Data block
Content starts

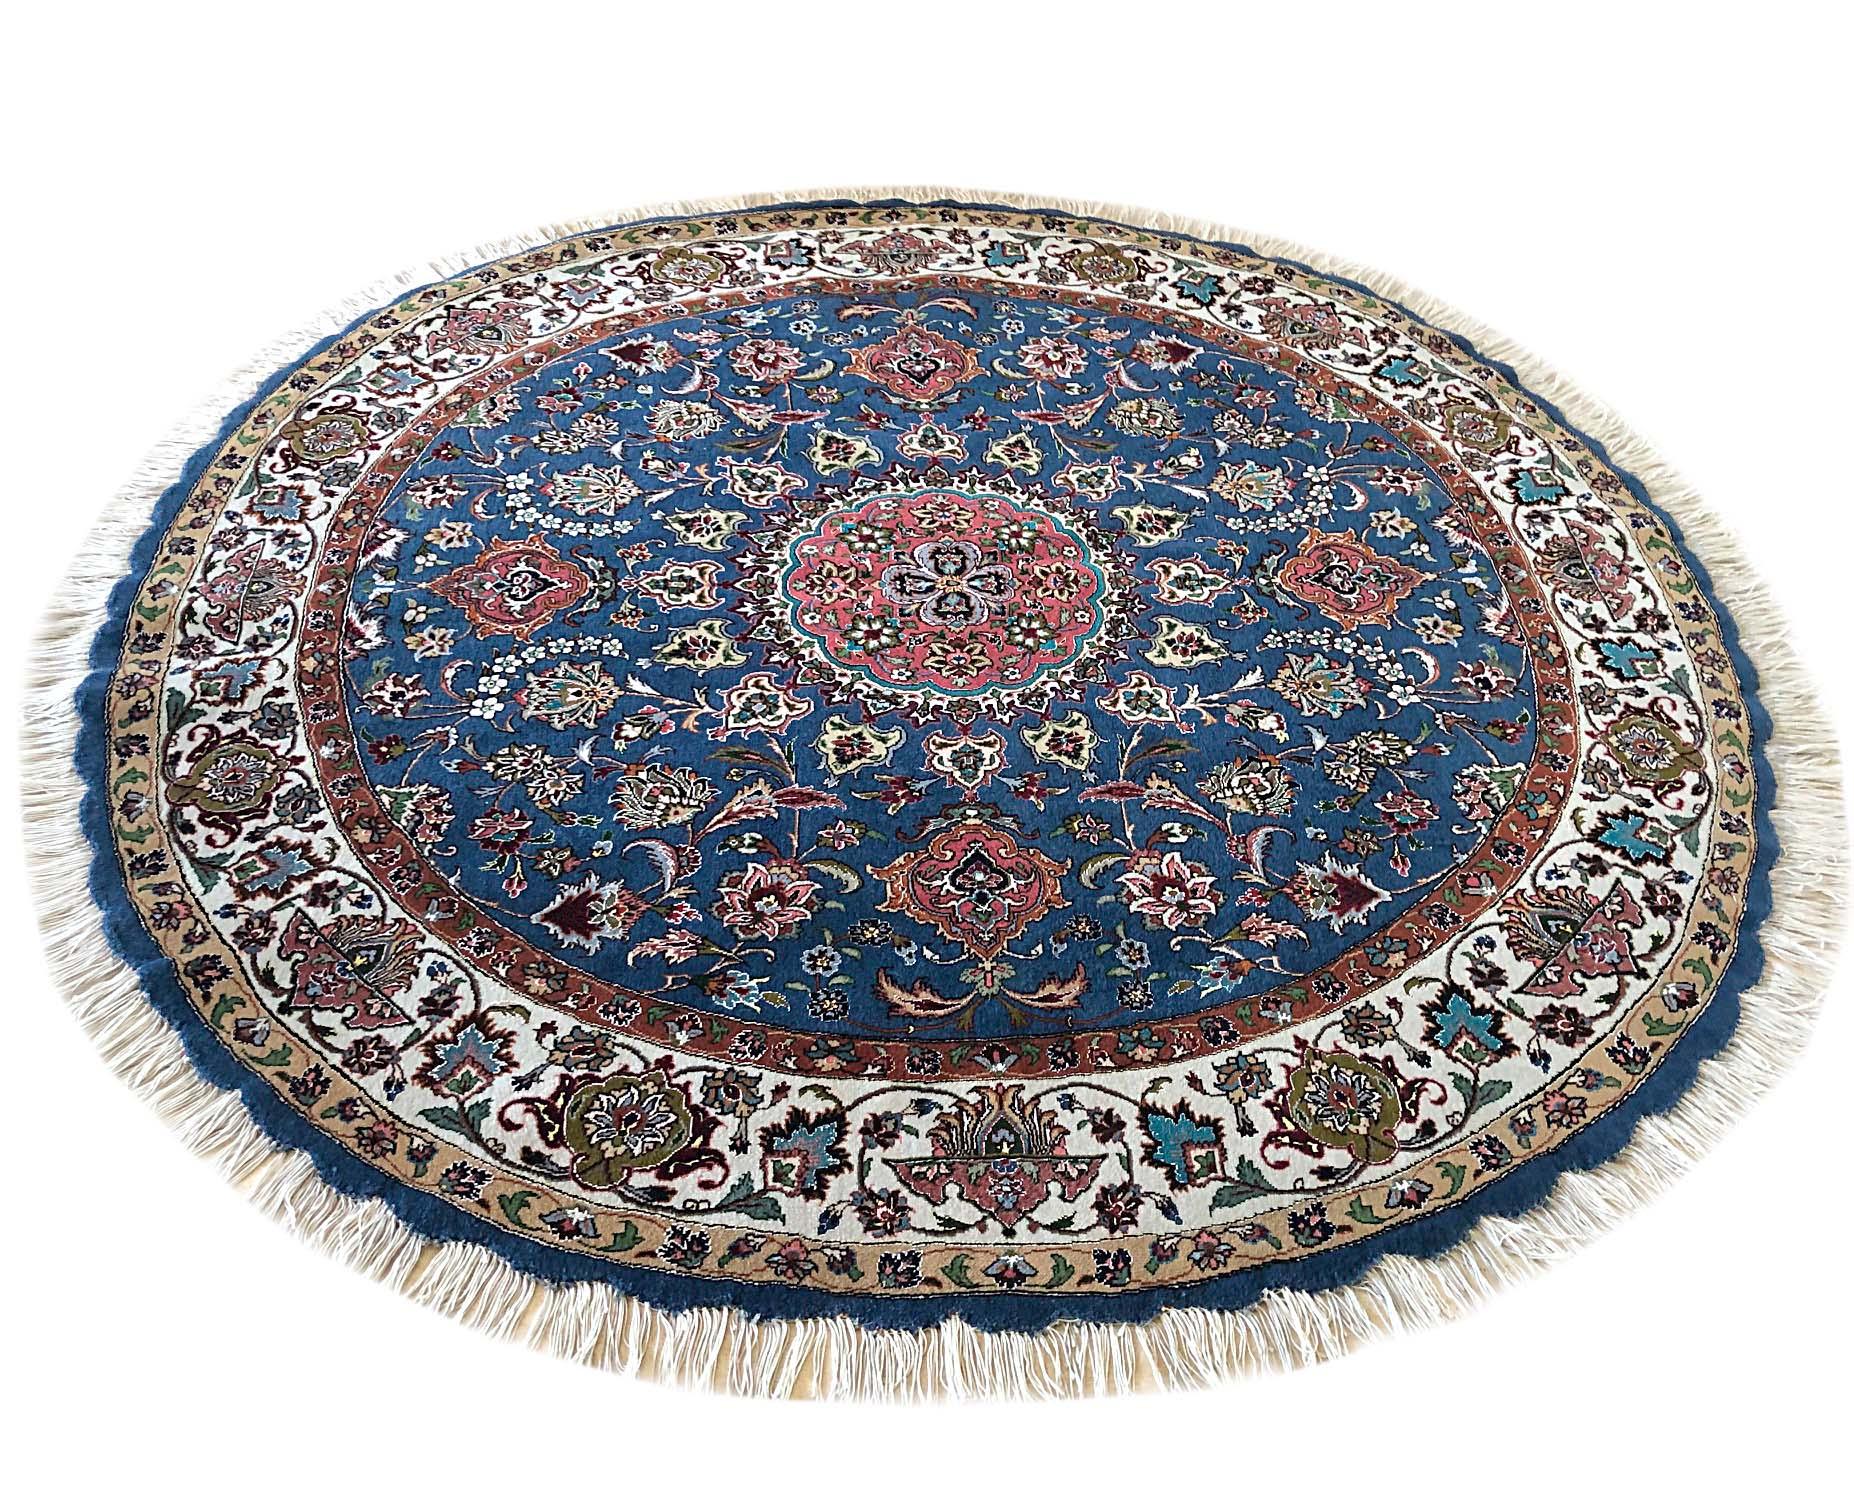 This authentic Persian handmade round rug has wool and silk pile with cotton foundation. This beautiful rug is from Tabriz and the design is medallion, floral. The base color is blue and the border is cream. The size is 5 feet diameter. This is a
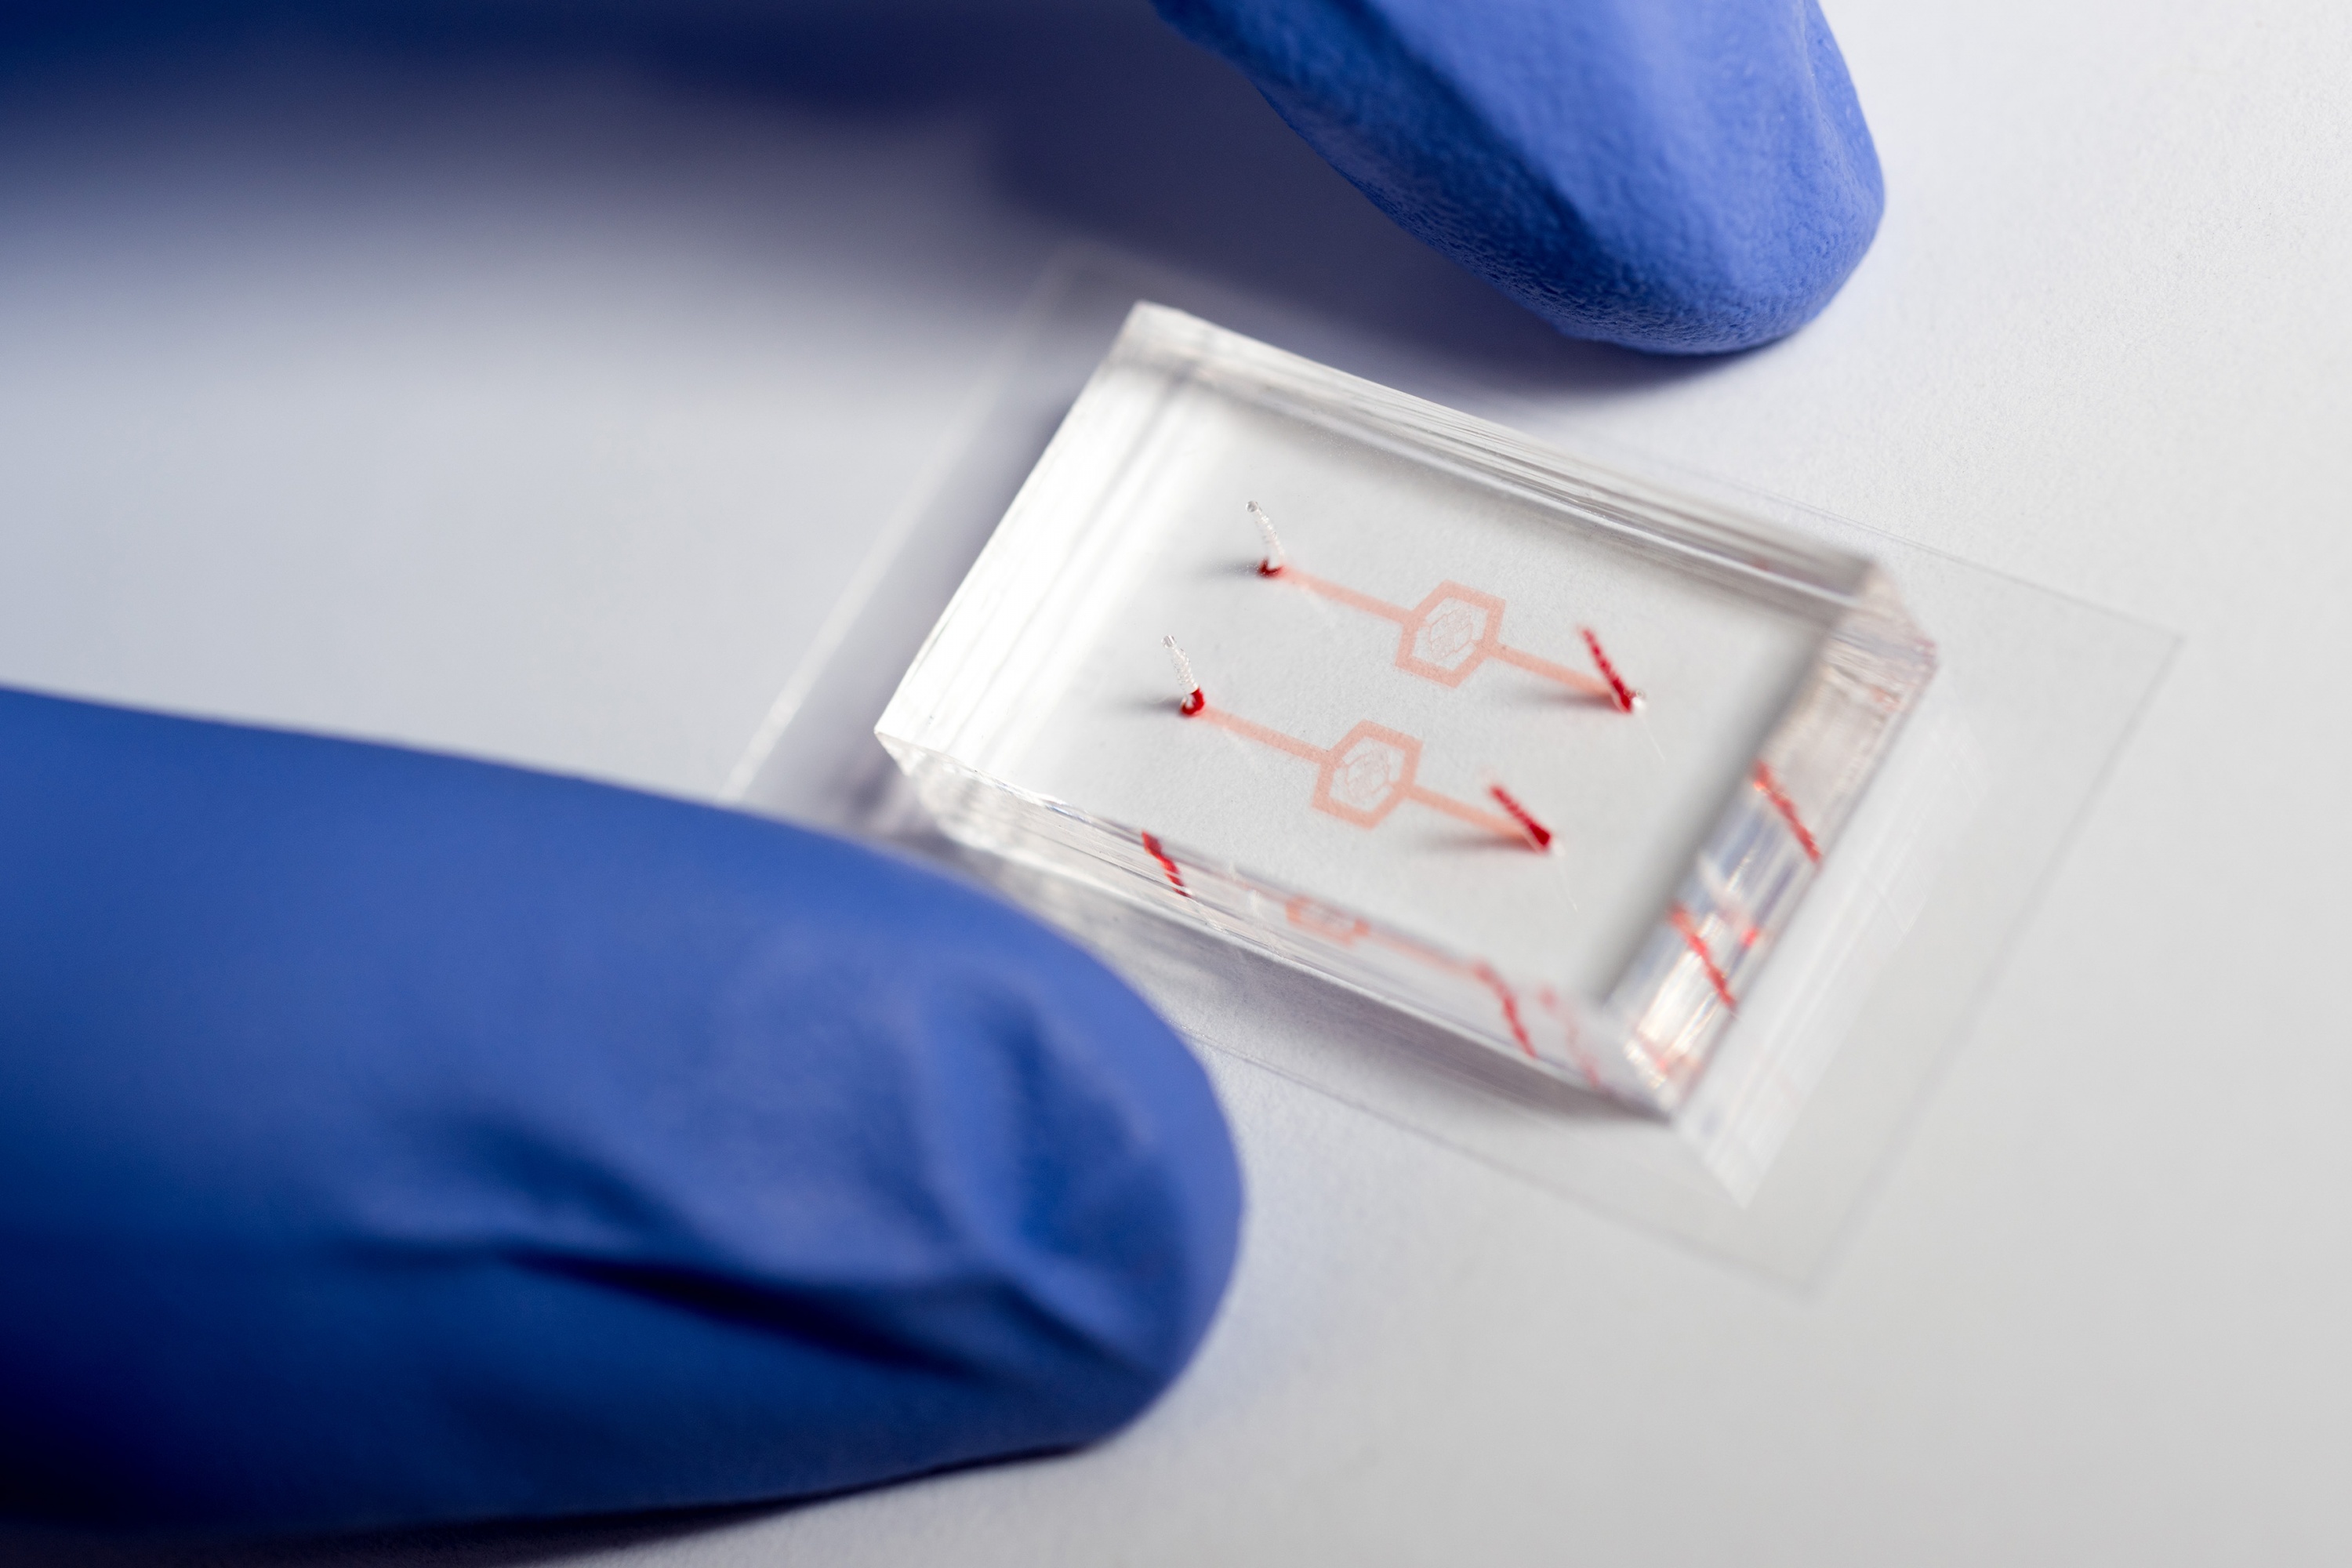 Researchers at Georgia Tech and Emory University fabricated model blood vessel systems that include artificial blood vessels with diameters as narrow as the smallest capillaries in the body. The systems were used to study the activity of white blood cells as they were affected by drugs that tend to make them softer, which facilitates their entry into blood circulation. (Credit: Rob Felt, Georgia Tech)
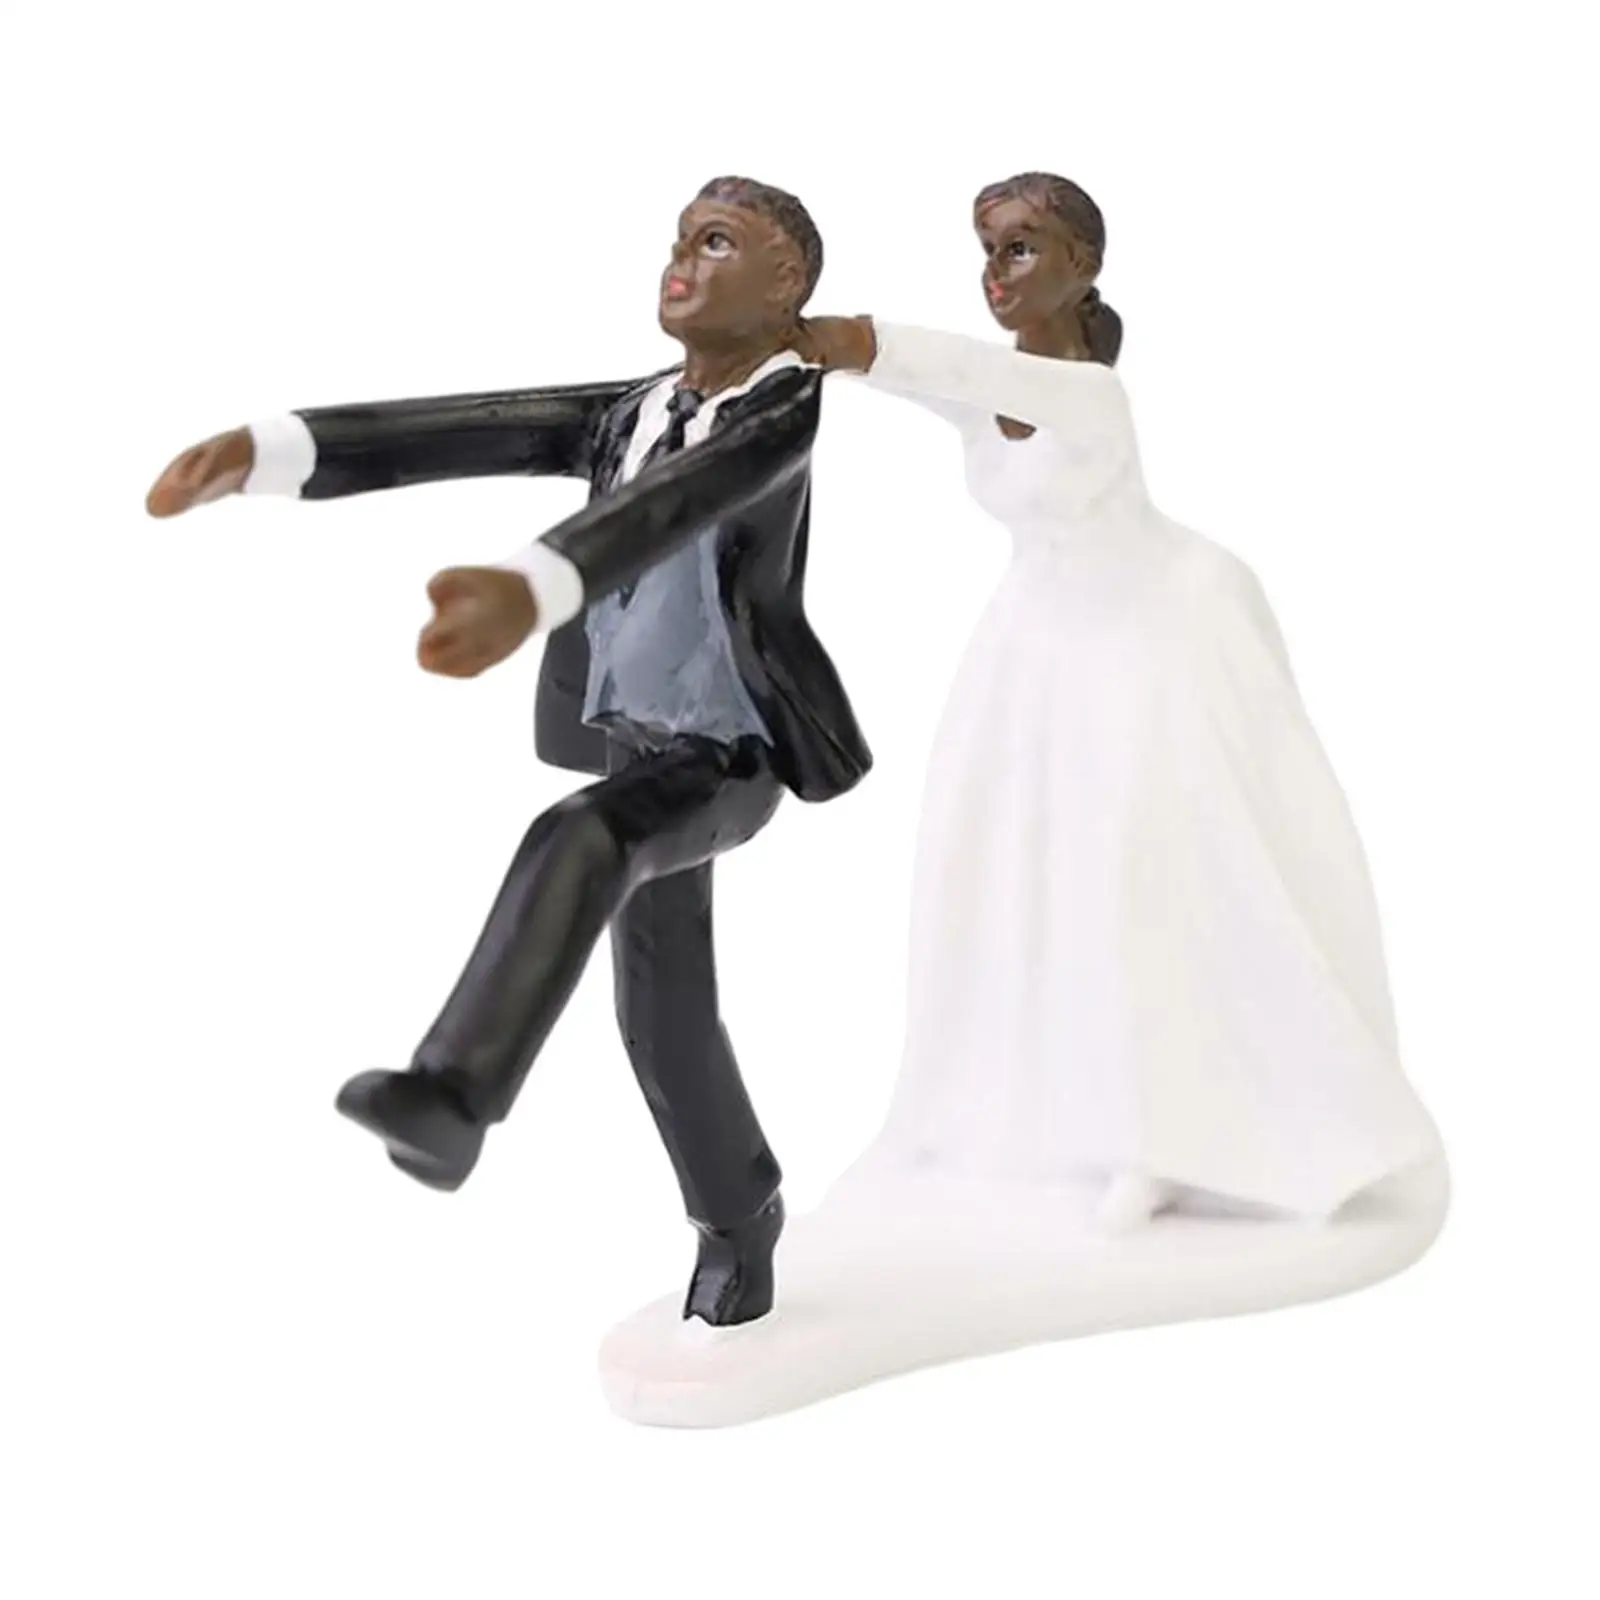 Wedding Cake Dolls Modern Resin Gift Couple Figures Cute Bride and Groom Statues for Party Engagement Valentine Wedding

Content ends

Activity
A word-for-word copy of the listing is the goal; keep every picture out of it.

Your solution
 This authentic Persian handmade round rug has wool and silk pile with cotton foundation. This beautiful rug is from Tabriz and the design is medallion, floral. The base color is blue and the border is cream. The size is 5 feet diameter. This is a
 Researchers at Georgia Tech and Emory University fabricated model blood vessel systems that include artificial blood vessels with diameters as narrow as the smallest capillaries in the body. The systems were used to study the activity of white blood cells as they were affected by drugs that tend to make them softer, which facilitates their entry into blood circulation. (Credit: Rob Felt, Georgia Tech)
 Wedding Cake Dolls Modern Resin Gift Couple Figures Cute Bride and Groom Statues for Party Engagement Valentine Wedding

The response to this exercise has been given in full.